客户端发送真正的文本消息之前，先发送消息的字节长度，通知服务器端先声明出足够大的缓存区域来存储消息。

上述代码编译成二进制可执行文件后，现在第一个窗口运行服务器端，指定/tmp/socket为套接字文件所在。

$ ./socket-server /tmp/socket

在另一个窗口运行客户端。

$ ./socket-client /tmp/socket “Hello, world.”
$ ./socket-client /tmp/socket “This is a test.”

如果要中止连接，运行

$ ./socket-client /tmp/socket “quit”

网络套接字

不同电脑上的两个进程间通信使用网络套接字机制。

创建网络套接字时，域名类型要标记为PF_INET。

网络套接字的地址标注在sockaddr_in结构体中。必须将sin_family域设置为AF_INET，表示这是一个本地域名；sin_addr域为32位IP地址。网络套接字地址包括IP地址和端口号两项。因为不同系统会讲多字节数据按不同的顺序存储，一定要用htons将端口数转换为网络字节顺序(network bytes order)。在Linux手册ip项查看详情。

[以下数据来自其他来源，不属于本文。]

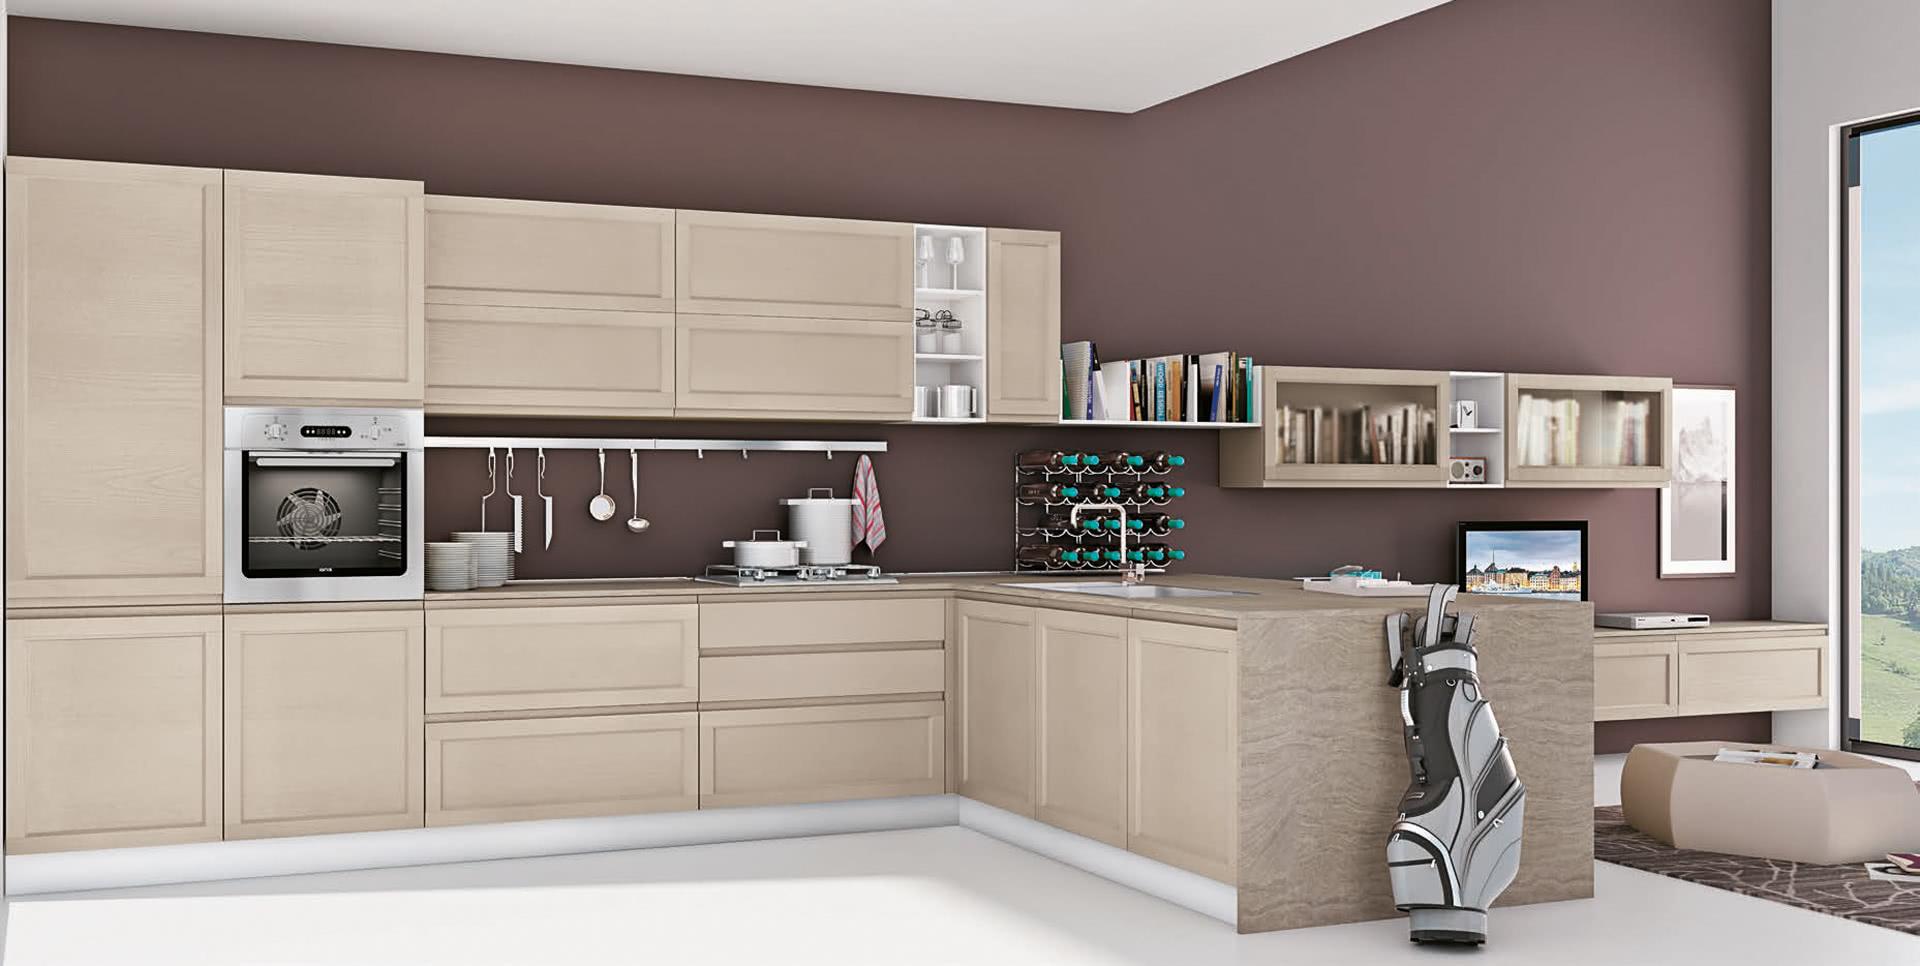 Cucina classica lube selma creo kitchens - Cucine lineari moderne ...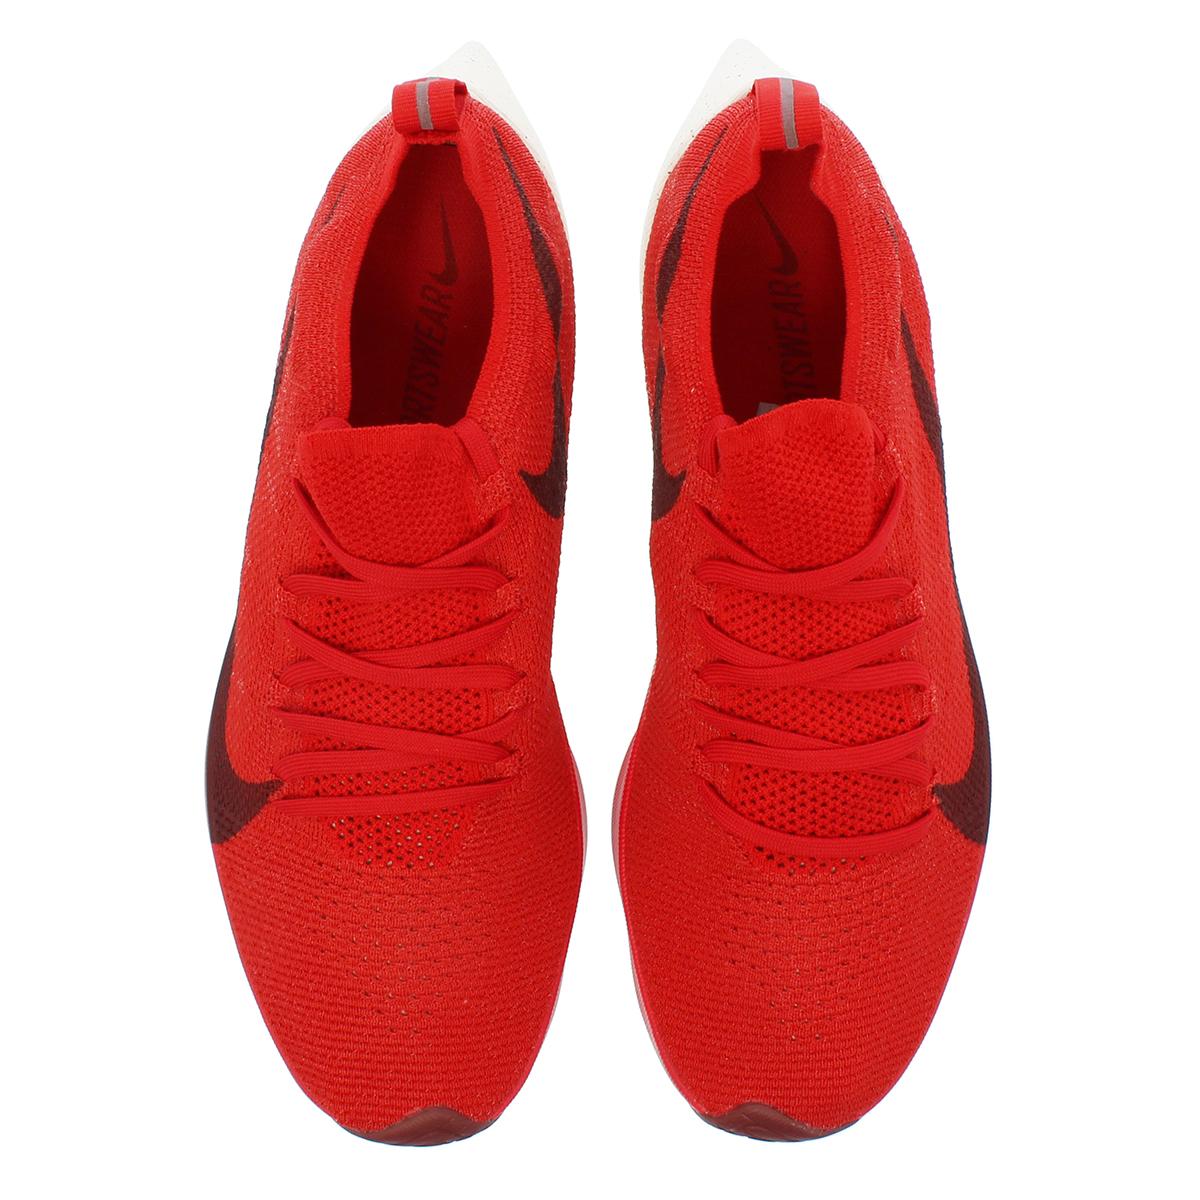 NIKE VAPOR STREET FLYKNIT Nike vapor street fried food knit UNIVERSITY RED DARK  TEAM RED SAIL BLACK 1c264b356

可以使用gethostname函数将十进制IP地址转换为32位二进制格式。该函数返回一个hostent类型结构体的指针，其h_addr域包含了主机IP。

#include <stdlib.h> 
#include <stdio.h> 
#include <netinet/in.h> 
#include <netdb.h> 
#include <sys/socket.h> 
#include <unistd.h> 
#include <string.h>

/* Print the contents of the home page for the server’s socket. 
 * Return an indication of success. 
 */
void get_home_page (int socket_fd) 
{
	char buffer[10000];
	ssize_t number_characters_read;
	
	/* Send the HTTP GET command for the home page. */ 
	sprintf (buffer, “GET /\n”);
	write (socket_fd, buffer, strlen (buffer));
	
	/* Read from the socket. The call to read may not return all the data at one time, 
	 * so keep trying until we run out. 
	 */ 
	 
	while (1) {
		number_characters_read = read (socket_fd, buffer, 10000); 
		if (number_characters_read == 0)
			return;
		/* Write the data to standard output. */
		fwrite (buffer, sizeof (char), number_characters_read, stdout);
	} 
}

int main (int argc, char* const argv[]) 
{
	int socket_fd;
	struct sockaddr_in name; 
	struct hostent* hostinfo;
	
	/* Create the socket. */
	socket_fd = socket (PF_INET, SOCK_STREAM, 0);
	/* Store the server’s name in the socket address. */ 
	name.sin_family = AF_INET;
	/* Convert from strings to numbers. */
	hostinfo = gethostbyname (argv[1]);

	if (hostinfo == NULL)
		return 1; 
	else
		name.sin_addr = *((struct in_addr *) hostinfo->h_addr); 
	
	/* Web servers use port 80. */
	name.sin_port = htons (80);
	/* Connect to the Web server */
	
	if (connect (socket_fd, &name, sizeof (struct sockaddr_in)) == -1) {
		perror (“connect”);
		return 1; 
	}

	/* Retrieve the server’s home page. */ get_home_page (socket_fd);

	return 0;
}

使用如下命令，来查看www.bing.com的网页：

$ ./socket-inet www.bing.com <html>

<meta http-equiv=”Content-Type” content=”text/html; charset=iso-8859-1”> 
...

套接字对

sockerpair函数可以给本地进程创建两个套接字文件描述符，允许进程双向通信。